TV's New Antiheroes Are Anti-Entertaining
This fall the broadcast networks took cable's Drapers and Sopranos and neutered them for prime time; call it the Walter White-out effect
How strange, and yet right, that the defining event of week 1 of the network-TV season happened on cable. Last Sunday, we bid Breaking Bad farewell after six years and 62 episodes of some of the best television ever made. Like The Sopranos, Mad Men, and other cable series that have defined the new golden age of TV drama, Breaking Bad distinguished itself with a large, grand arc of moral complexity and a protagonist inside of whom a man and a monster were at war. We were riveted, and so were the people who program network shows. They were also annoyed (about the media attention), envious (of the awards), and curious (about how to get in on the action).
You can’t blame them for trying.

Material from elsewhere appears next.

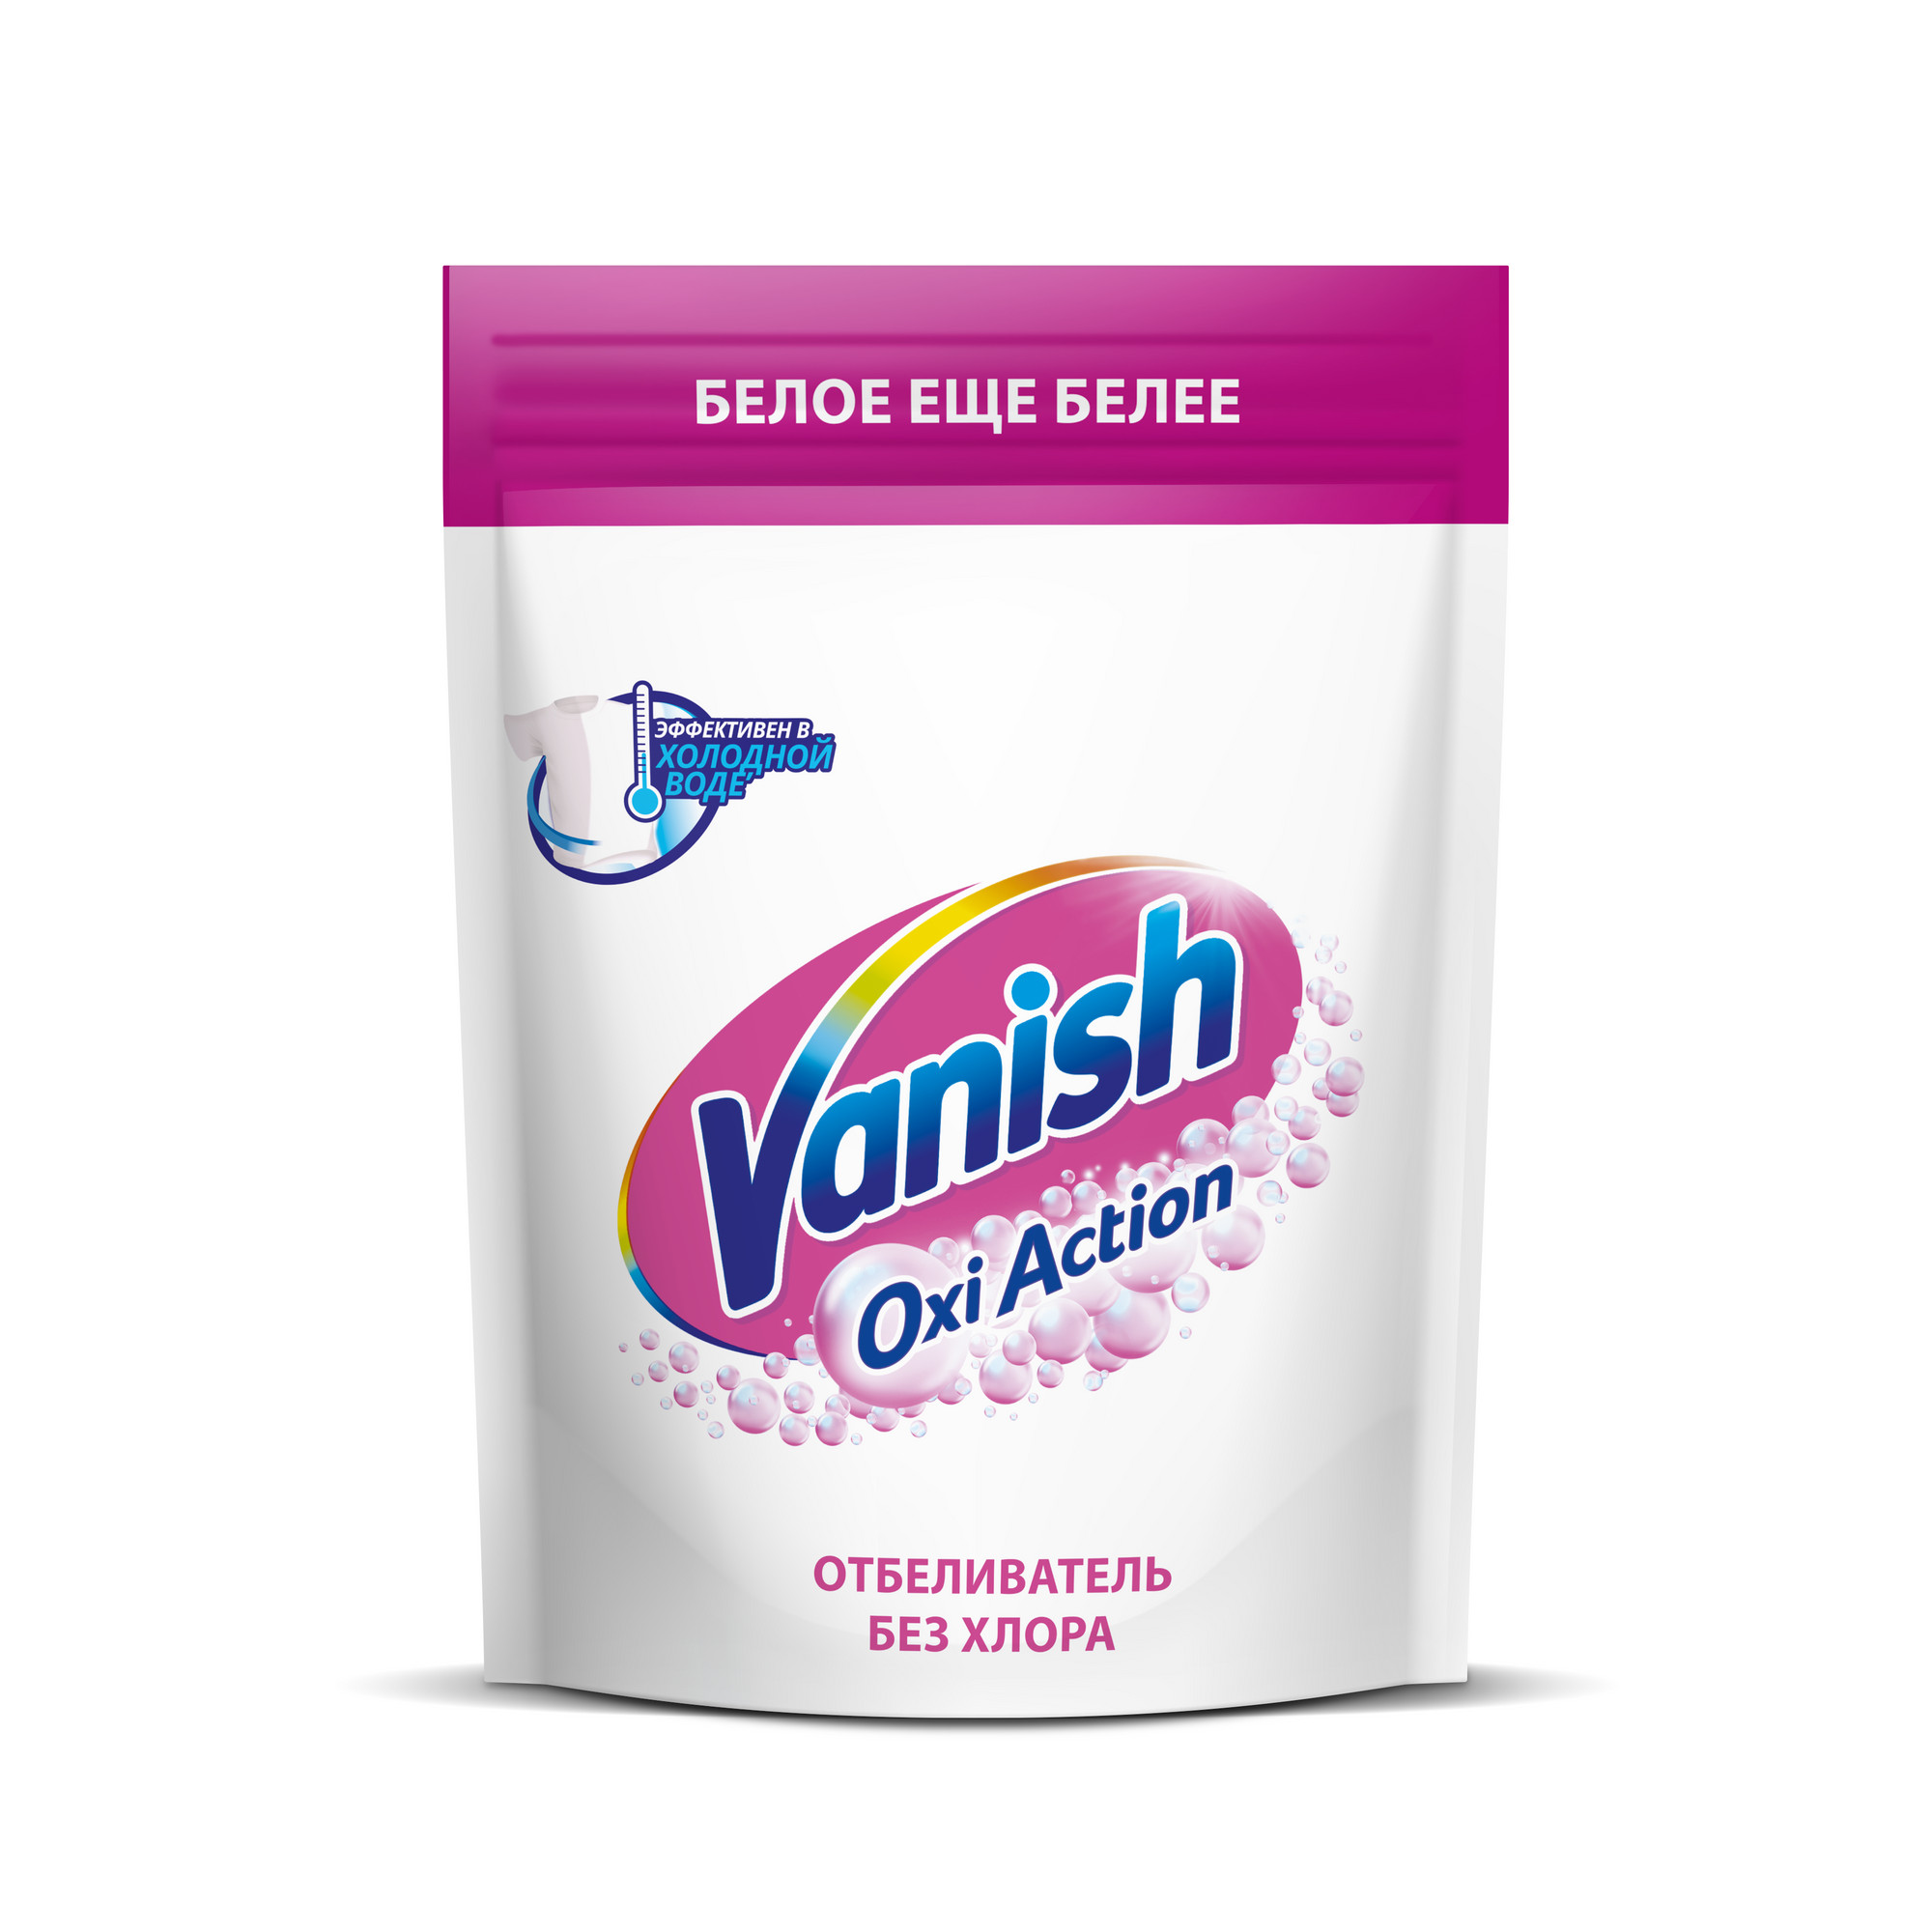 Пятновыводитель Vanish Oxi Action Кристальная белизна для тканей порошкообразный 500 г пятновыводитель vanish oxi action кристальная белизна для тканей порошкообразный 500 г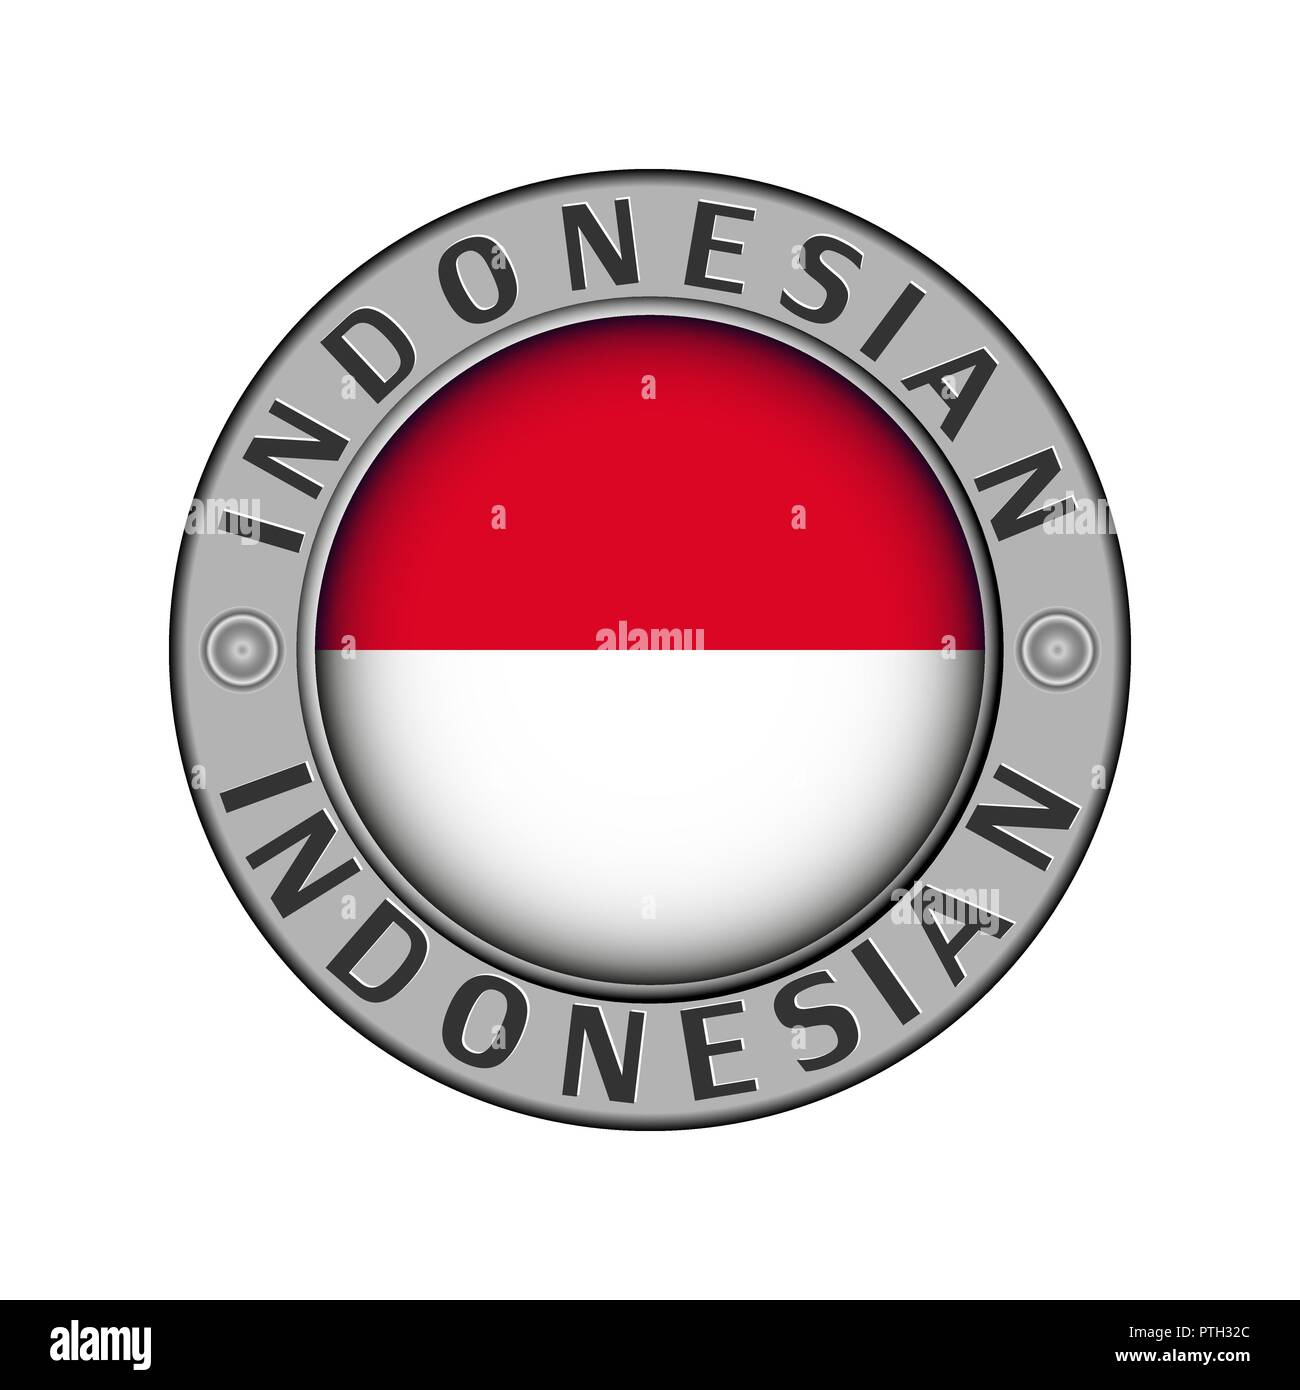 Rotondo di metallo medaglione con il nome del paese di Indonesia e un indicatore rotondo nel centro Illustrazione Vettoriale

But judging by the new crop of fall series, the networks have decided to imitate the single most easily pilfered aspect of cable dramas. Not their quality, their depth, or their ambition. Something else — something about their main characters. In short, everyone on a new show this fall seems to be an… Oh, dear. How can I describe them without using a seven-letter physiological vulgarism that has no place in a classy entertainment magazine? Let’s try this: Everyone on TV seems to be an OUTIE (Orifice Utilized to Issue Excrement). Practically every time I watched a new series last week, I found myself saying, “Wow, what an outie!” and “Could that guy be a bigger outie?” and “I don’t understand why you’d put up with someone who’s such an unbearable outie!” One of the few moderately well-socialized characters to carry a new series is Dylan McDermott on CBS’ Hostages, and he’s a terrorist. Something has gone wrong.
The network version of cable TV involves appropriating “dark” story lines, “outrageous” comedy, and the era of the presumably charismatic outie, and then PG-13’ing them, sanding their edges, and dumbing them down, ostensibly so they’ll appeal to a larger audience (which is, however, getting smaller every year; so much for that brilliant plan). In network comedy the outie tends to get prettified into the lovable-but-not-really curmudgeon (James Caan as a rancid manly man on Back in the Game), the yeller (lower your TV volume before The Goldbergs starts), or the impossible-but-irresistible genius: I don’t know how The Crazy Ones is going to develop, but I hope they’ve got more in mind than having adman Robin Williams use his rule-busting imagination to pull a great idea out of thin air every week while his by-the-book daughter (Sarah Michelle Gellar) gives him tolerant but amazed oh-you looks. (Women don’t get to be outies on TV this season, because Whitney failed and women only get one chance, ever.)
In network drama the outie is usually transformed into the tough professional who’s always in a bad mood (every single character on Marvel’s Agents of S.H.I.E.L.D.), the maverick who knows he’s better than everyone else but still has something to prove (Ironside), or, most often, the misanthropic omniscient mastermind. I’ll keep watching The Blacklist for a while because James Spader can do 50 shades of menace and droll disdain better than almost anyone (I’d love to see him and Kevin Spacey in a sneer-off). But the pilot didn’t offer a credible reason for him to treat everyone around him with contempt other than the fact that it’s what Hugh Laurie used to do on House and that worked for eight years. What great shows understand is that being an outie is not in itself an interesting quality, and bad shows aren’t going to convince us otherwise simply by having every supporting character gaze at the hero in head-shaking wonderment about how one-of-a-kind he is (cable shows aren’t immune to this either — see: Ray Donovan). We didn’t stick with Walter White and Don Draper and Tony Soprano for all those years because they were guys who in real life we wouldn’t want to spend five minutes with; we were in it for their struggle. Even with outies, it’s what’s inside that counts. And yes, I know that anatomically speaking, that’s the worst possible metaphor. But you get the idea.